Reflecting on those “failures” led to some interesting perspectives: Two-thirds of American adults are classified obese, according to a 2012 research study. More than fifty percent made losing weight a 2013 goal. I couldn’t easily find any reports on weight-loss success rates, but I suspect that the gap between those who try and those who succeed is fairly wide. Not to mention the gap between those who initially succeed in reaching an ideal weight and those who are able to maintain that weight for more than two to five years. These revelations (coming as I sipped herbal tea instead of a vodka on ice, and tried not to think about the relaxation buzz that the latter would immediately provide) highlight the difficulty of any lifestyle change. Moving your body consistently, in short, is no easier than quitting smoking, giving up alcoholic beverages, or even earning a college degree. It requires sacrificing an older, often pleasurable habit and creating a new one. And sustaining that new habit day-in, day-out. Some say it takes 21 days for a new habit to be established; my bet is that the real figure is more like 21 weeks, or perhaps 21 months.

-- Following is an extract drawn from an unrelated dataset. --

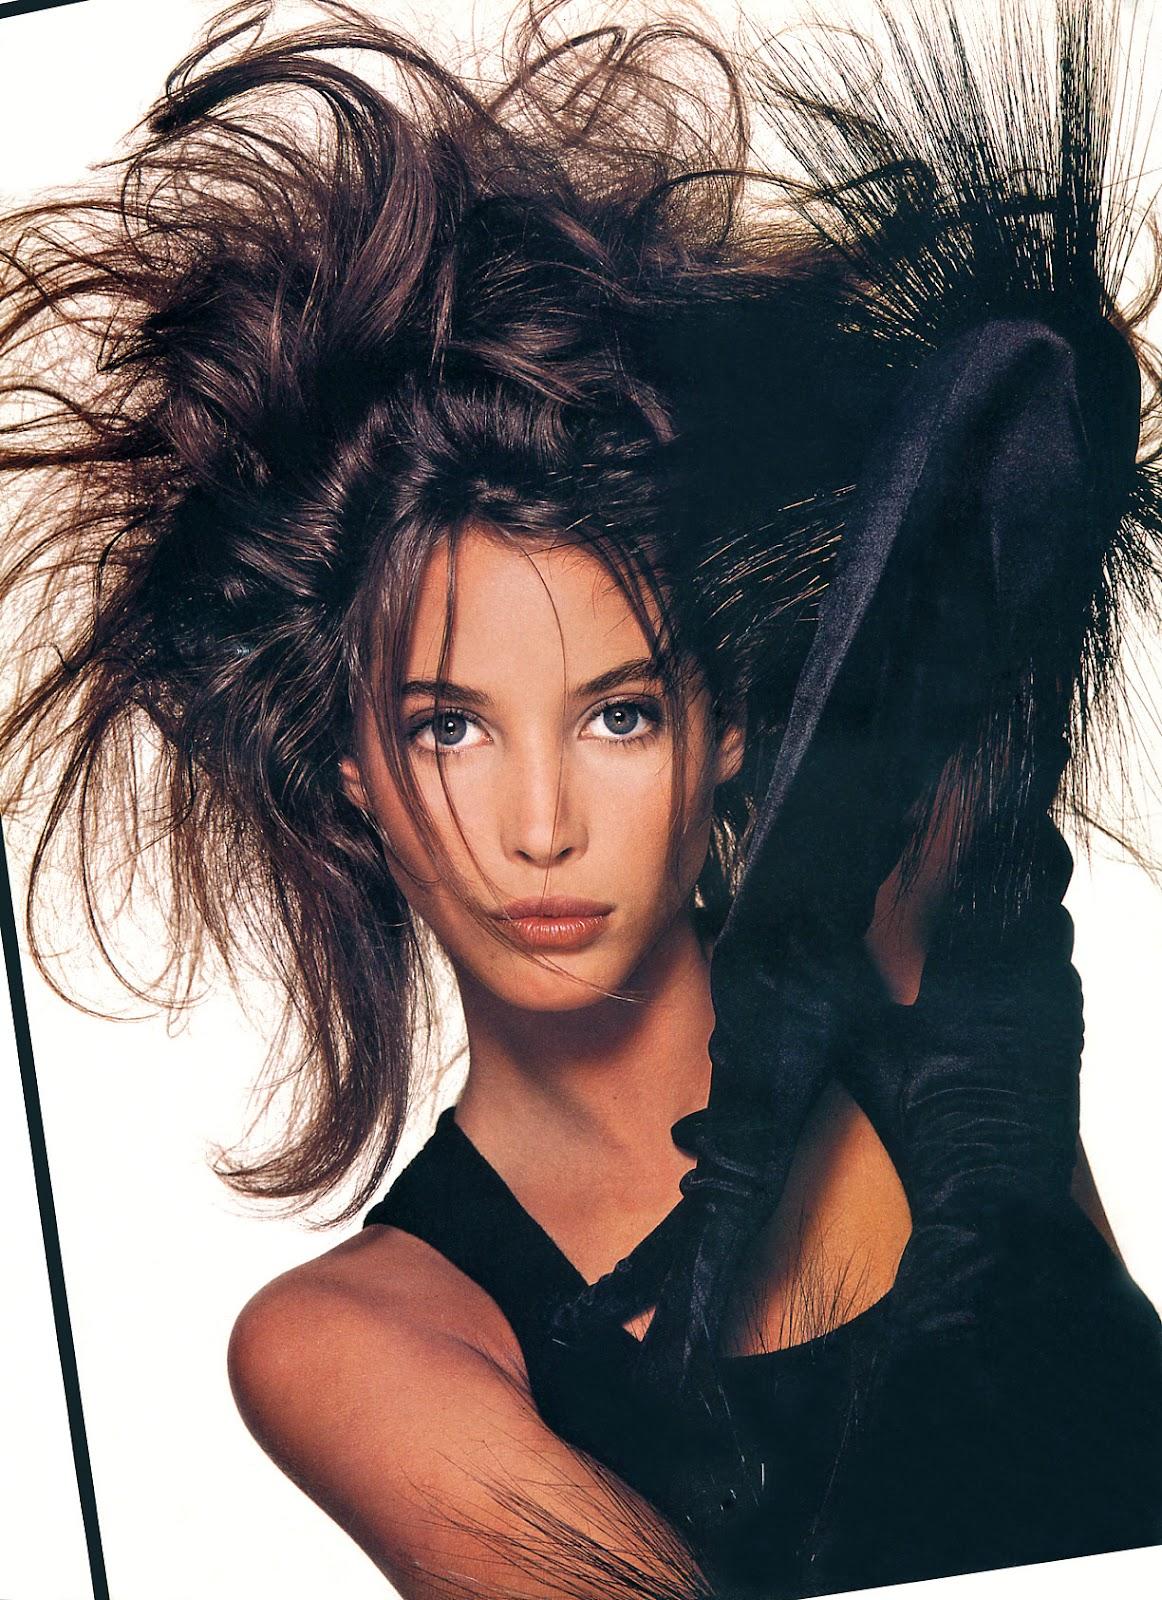 http://2.bp.blogspot.com/-pL9FK67zewU/T3NNu__PhZI/AAAAAAAAGtM/zRPI8xMwcdk/s1600/Christy+Turlington+1987+12+Vogue+Uk+Ph+Patrick+Demarchelier+04.jpg

For those reasons, and some others (such as trying to practice what I preach to the students who take my Digital Storytelling and other Creative Writing courses about consistent blogging), I’ve decided to keep the blog going, and to try and make it a habit (think in the 21-week terms) of posting more consistently. If I get so good as to post every day, I’ll include workouts, menus, and some of the daily habits that I’ve managed to work into my life, such as never taking the stairs up the three flights from my building’s entrance to my office.

I’ll also try and do more research, and post more articles of interest as I encounter them. It’s my hope that the blog will reach a wider audience and encourage others to contribute. At the very least, however, it will offer one chance for me to share my voice with the world, which, at times, seems to be all the support one needs to become fit for life.